> **Task to complete**: No pictures go into the copy. Write out every line below exactly.

Records contained in a dataset:
------------------------------------
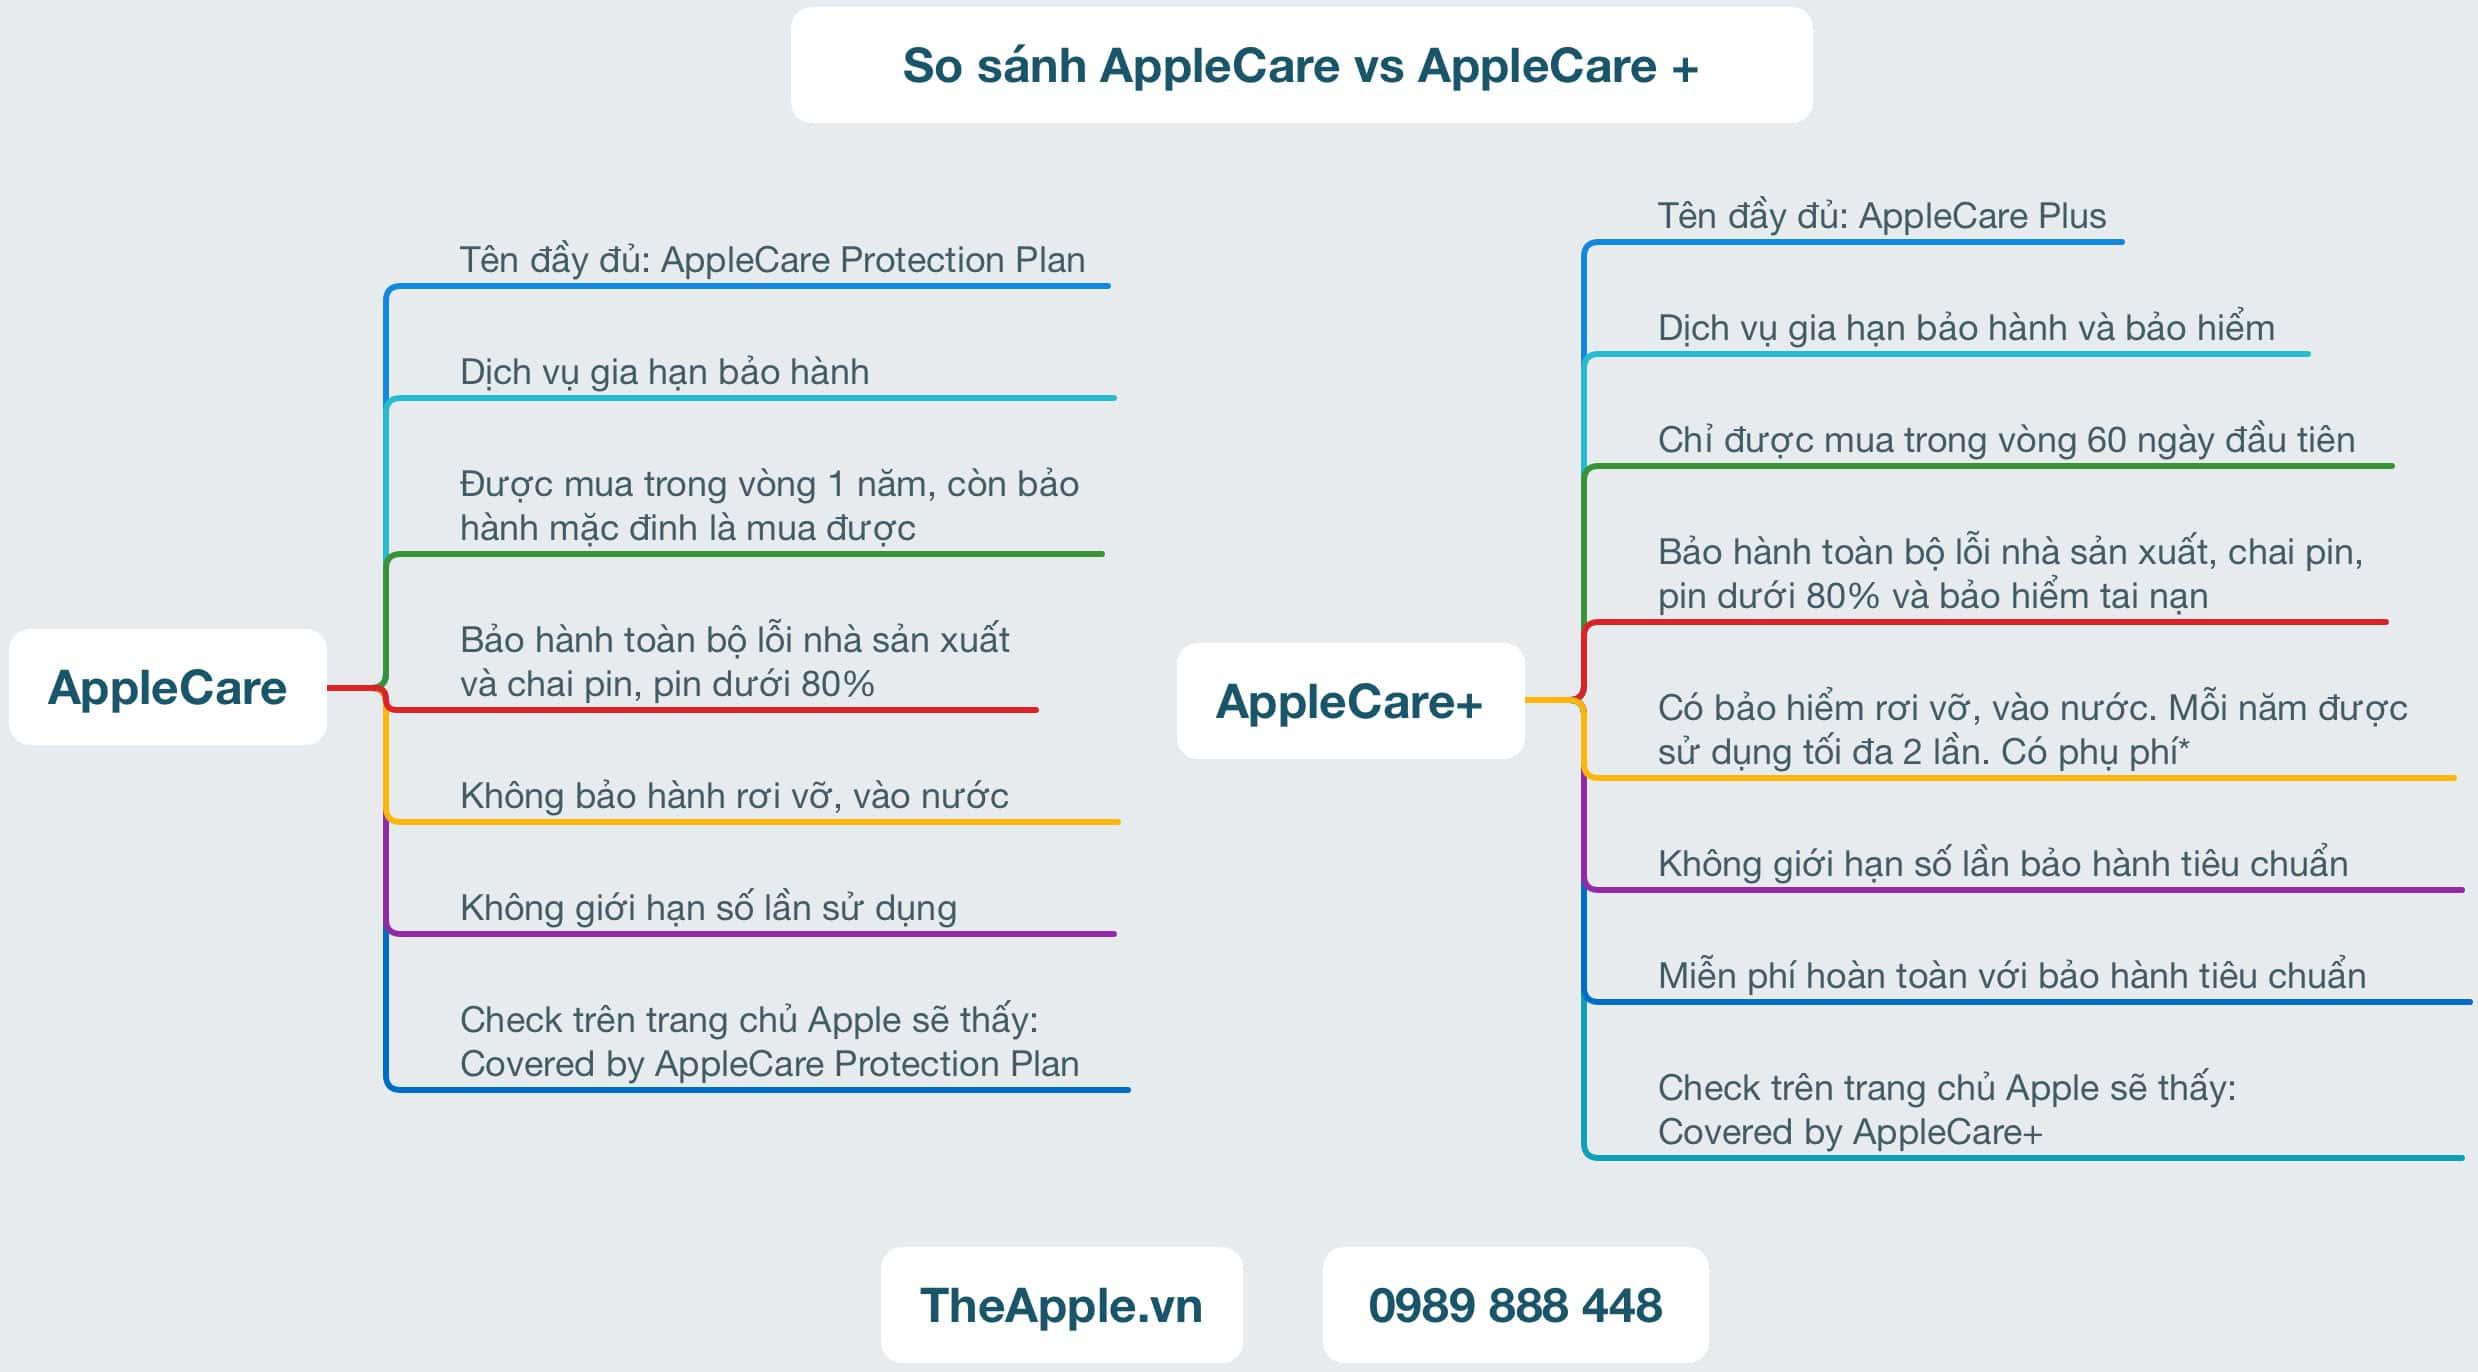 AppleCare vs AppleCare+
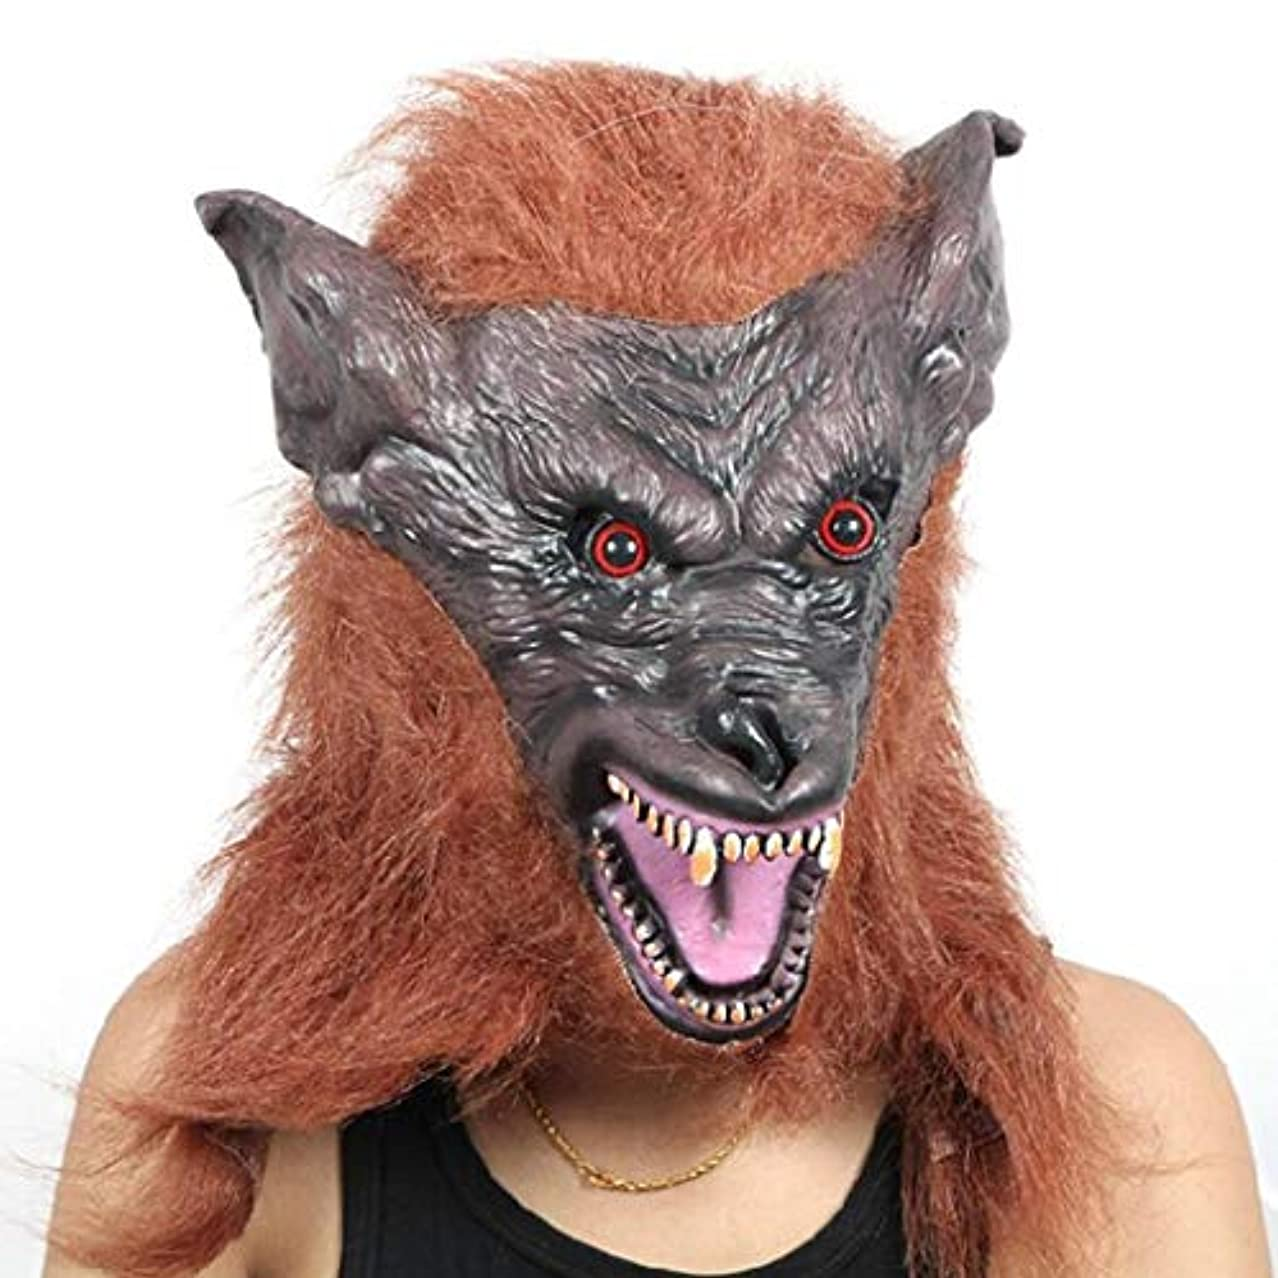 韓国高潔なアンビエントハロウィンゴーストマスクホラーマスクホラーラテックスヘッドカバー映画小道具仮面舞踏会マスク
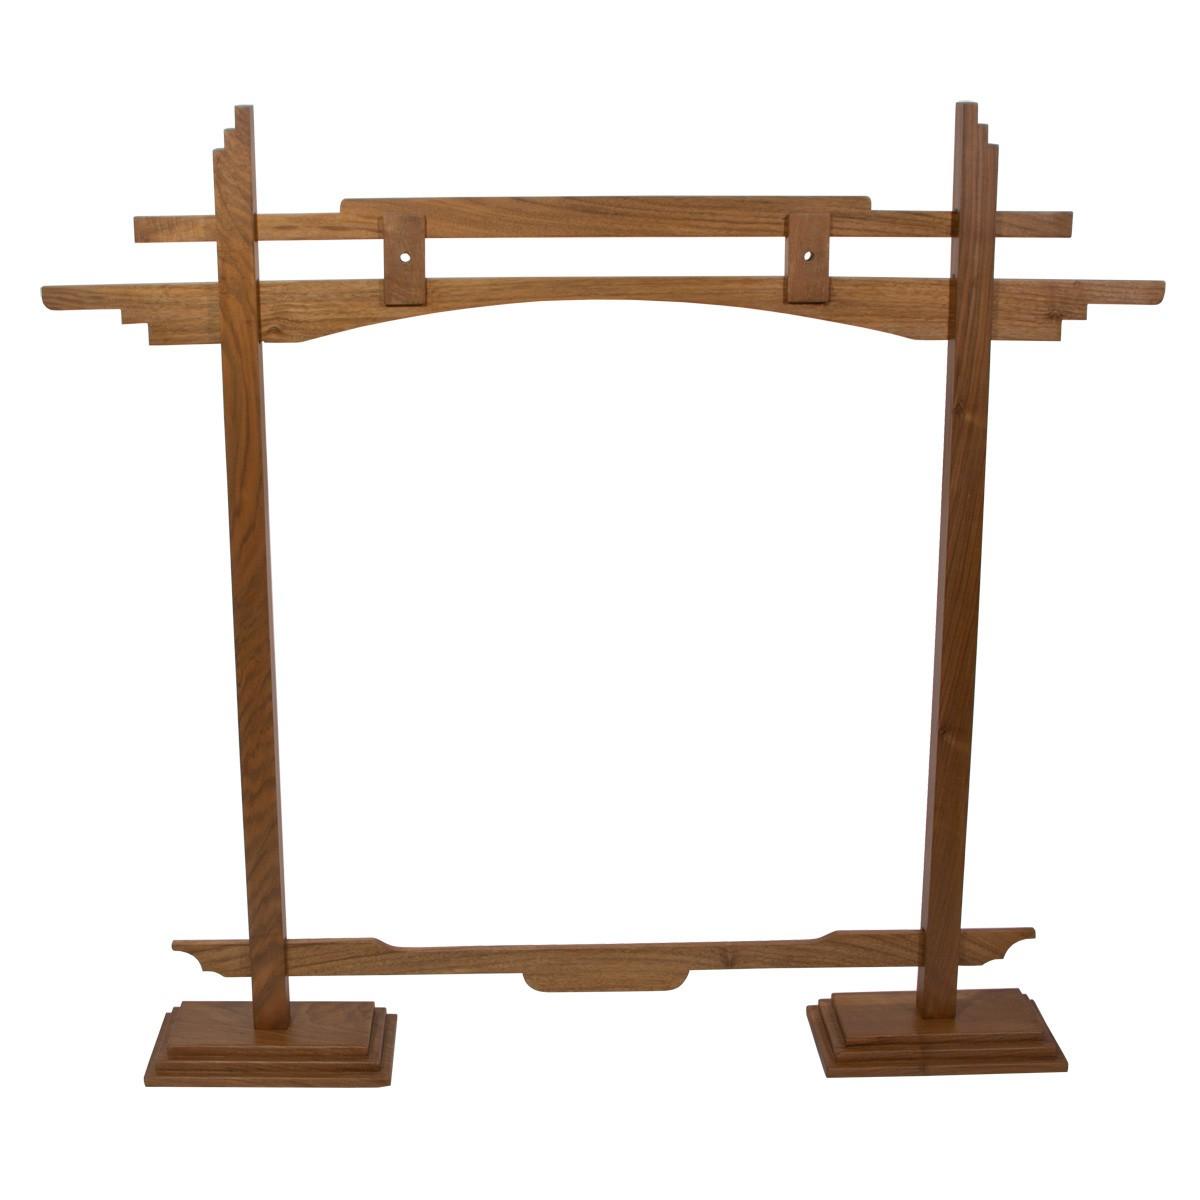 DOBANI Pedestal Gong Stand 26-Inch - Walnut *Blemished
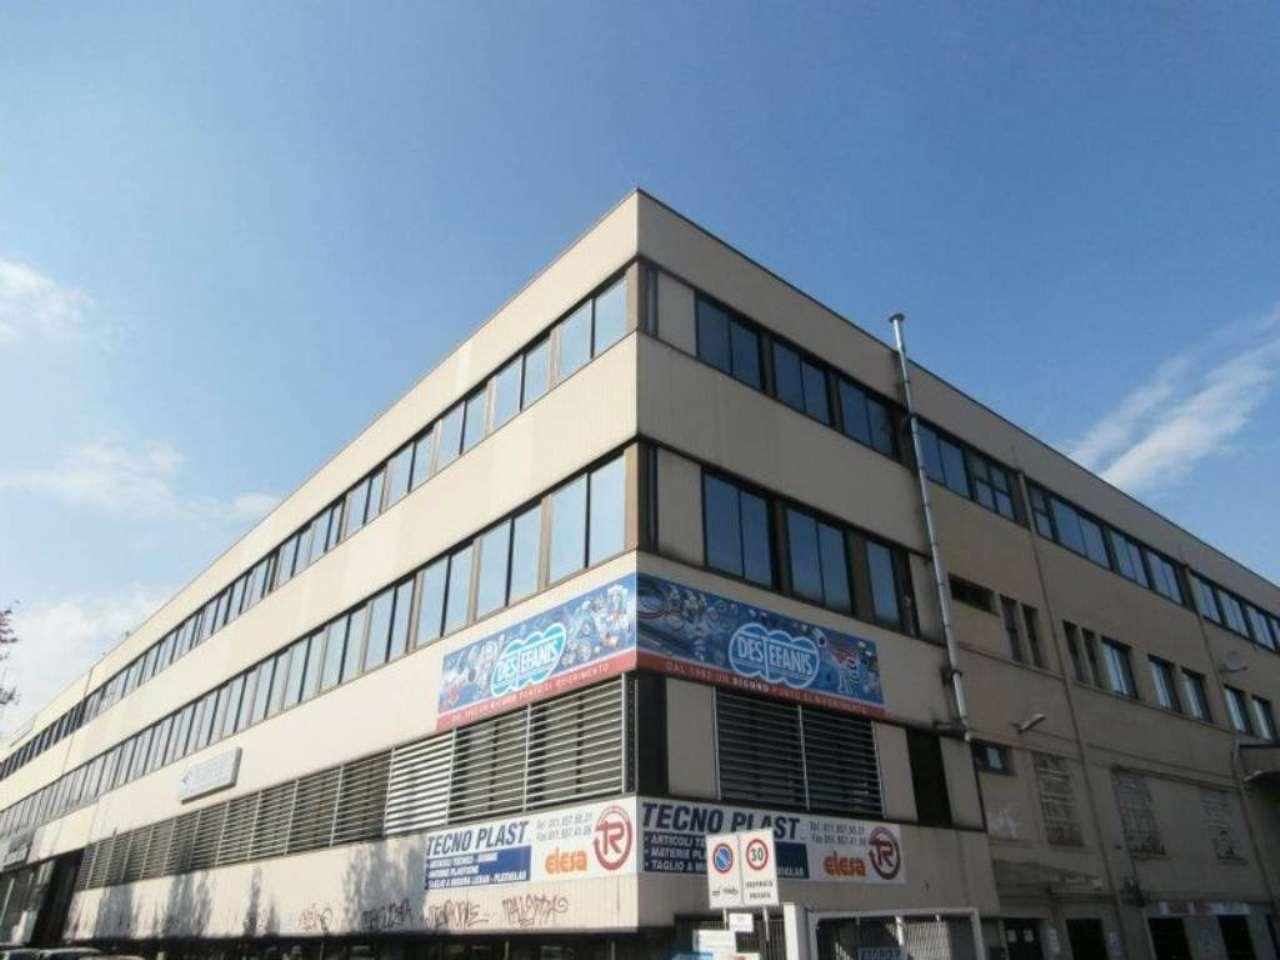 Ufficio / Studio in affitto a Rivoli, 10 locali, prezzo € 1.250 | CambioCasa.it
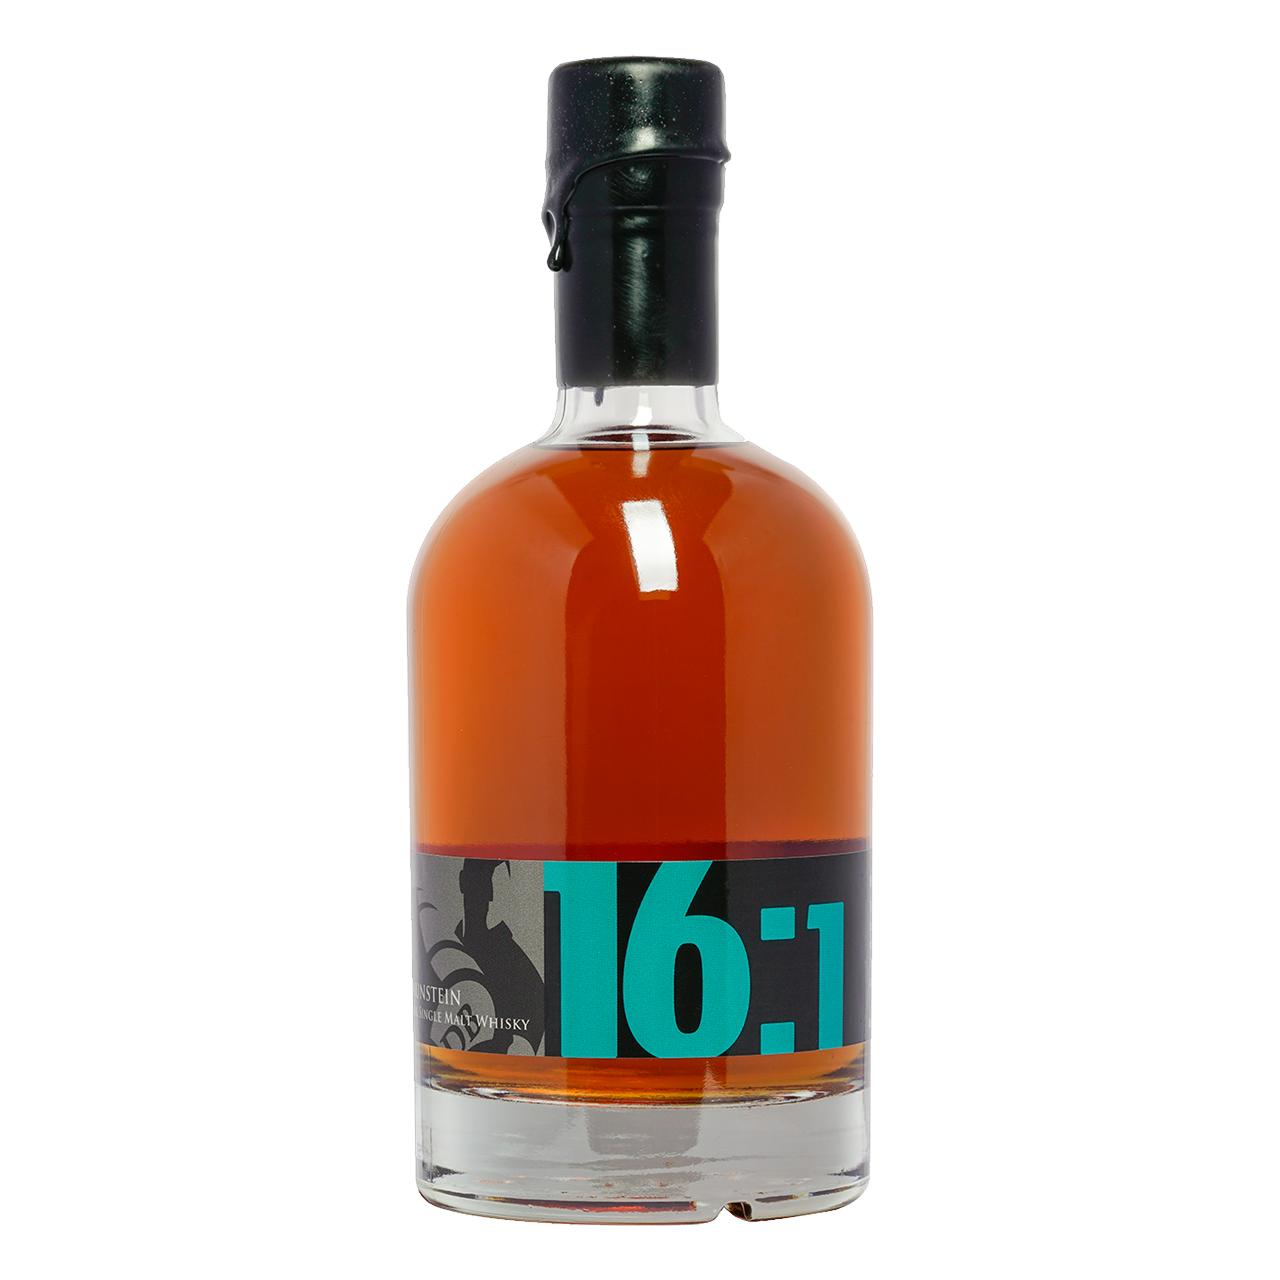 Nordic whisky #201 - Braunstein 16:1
------------------------------------
> **Solution to this problem**:
 AppleCare vs AppleCare+
 韓国高潔なアンビエントハロウィンゴーストマスクホラーマスクホラーラテックスヘッドカバー映画小道具仮面舞踏会マスク
 DOBANI Pedestal Gong Stand 26-Inch - Walnut *Blemished
 Ufficio / Studio in affitto a Rivoli, 10 locali, prezzo € 1.250 | CambioCasa.it
 Nordic whisky #201 - Braunstein 16:1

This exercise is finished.